Search code examples
xmlsolrdataimporthandlerdata-importschemaless

Indexing entire XML document on SOLR 7 with no field specification


I would try to put an xml document on SOLR (now i'm using 7.3.0 version) without set specific fields in data-config or putting one tag to get all the others. I tried with schemaless mode but I didn't get any document back. Is it possible to do this thing in some way, or SOLR can't handle it?

This is an example of my SOLR document.xml. I would like to detect all tags and getting back relative values without edit any fields. Like i said, i tried with schemaless mode and it didn't work.

<?xml version="1.0" encoding="UTF-8"?>
<digital_archive xmlns="https://www.site" dataCreazione="2017-05-11T17:15:00">
<DocumentalCategory>some data</DocumentalCategory>
<customer>some data</customer>
<producer>some data</producer>
<documentOwner>some data</documentOwner>
<sources>
    <source>
        <idc>
            <id scheme="adfr">some data</id>
            <name>some data</name>
            <path>sources\source\some_path.XML</path>
            <hash alg="SHA-256">3748738</hash>
        </idc>
        <vdc>
            <id scheme="some data">some data.XML</id>
            <timeReference>2017-03-17T14:19:01+0100</timeReference>
        </vdc>
    </source>
</sources>
<ud>
    <metadati>
        <Name>Jane</Name>
        <Surname>Doe</Surname>
        <FiscalCode>dsrsd6w7hedw</FiscalCode>
        <Date>29.10.2017</Date>
    </metadati>

The result that i expect is something like this:

    <field name="DocumentalCategory">some data</DocumentalCategory>
<field name="customer">some data</customer>
<field name="producer">some data</producer>
<field name="documentOwner">some data</documentOwner>
<field name="sources">
    <field name="source">
        <field name="idc">
            <field name="id" scheme="adfr">some data</id>
            <field name="name">some data</name>
            <field name="path">sources\source\some_path.XML</path>

Solution

  • Solr is not a database, it is a search engine. Its goal is to give you good search results with preservation of original structure being less important.

    While there are some ways to take in nested documents, you will find that your searches afterwards will make you really rethink your import process.

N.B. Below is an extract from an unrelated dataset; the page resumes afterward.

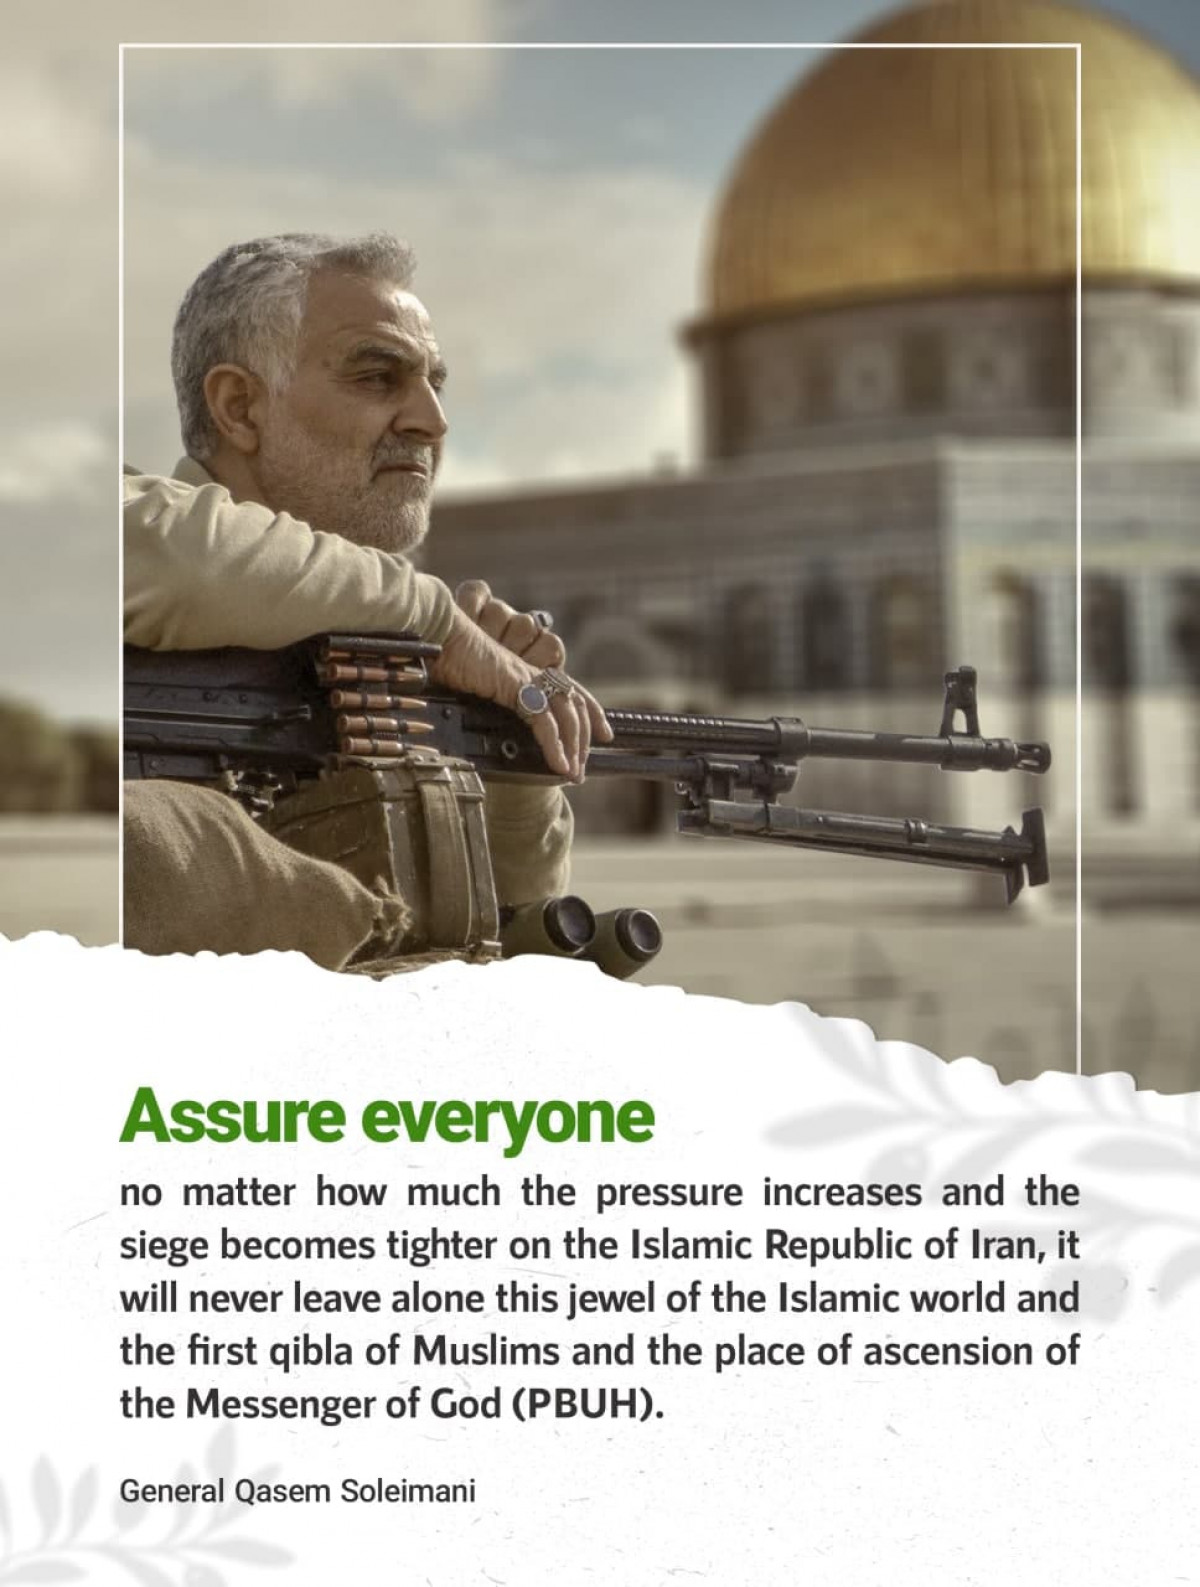 General Qasem Soleimani: Assure everyone

    So, I would recommend you step back and think about how you would want to find this information first and what level record/subrecord would be returned. Then you can revisit the import question.

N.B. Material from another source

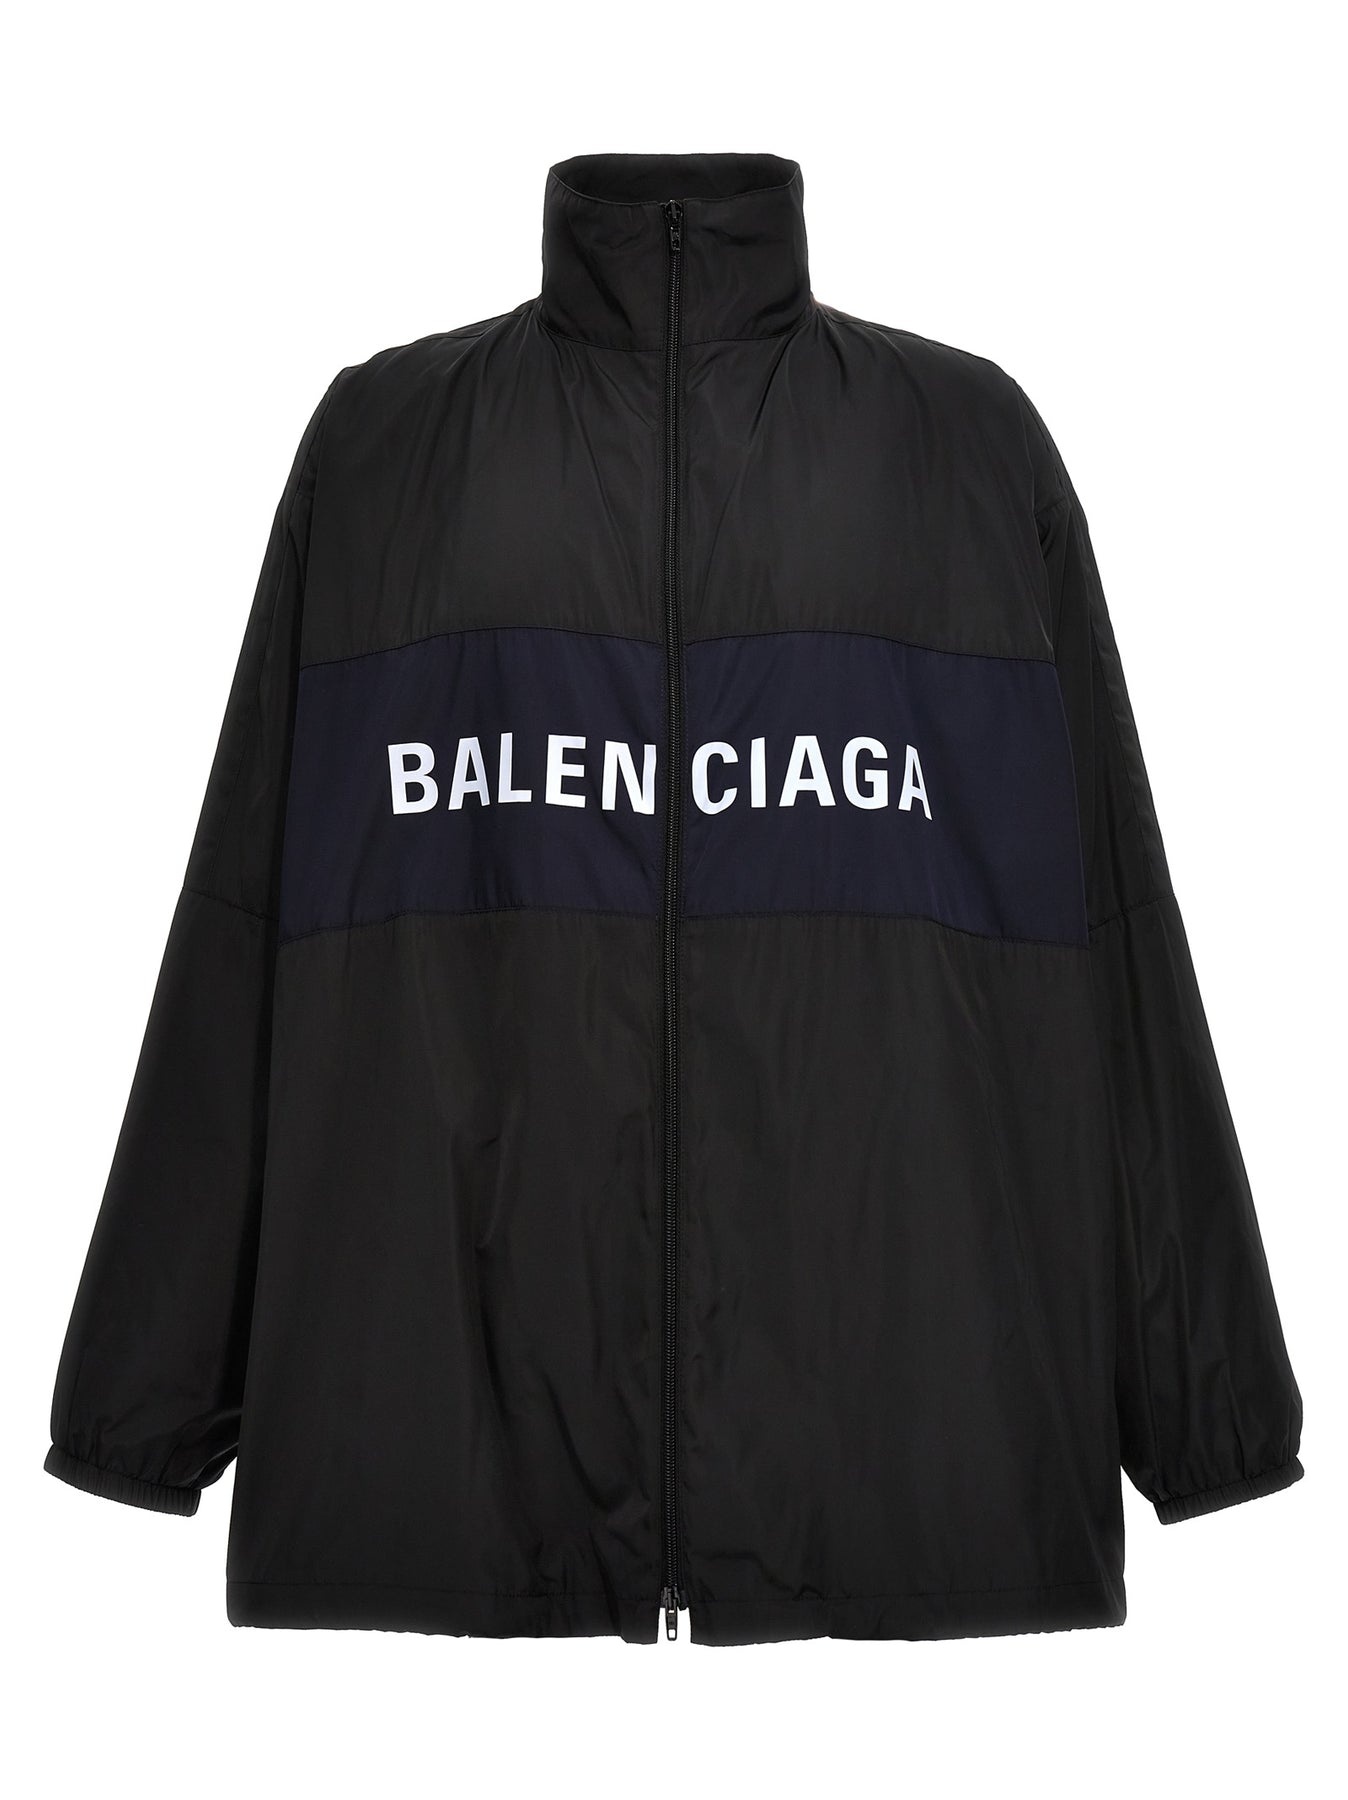 Balenciaga Casual Jackets, Parka White/Black - 1

    Schemaless mode is not going to help you here, as it still expects your document to be in Solr format, whether XML, JSON or CSV. You have a custom XML format here. So, you need to transform it somehow. You can either use Data Import Handler and define the mapping or XSLT transform on the way in to make it match Solr's expectations. Either way, you would have to do some flattening and id mapping, most likely.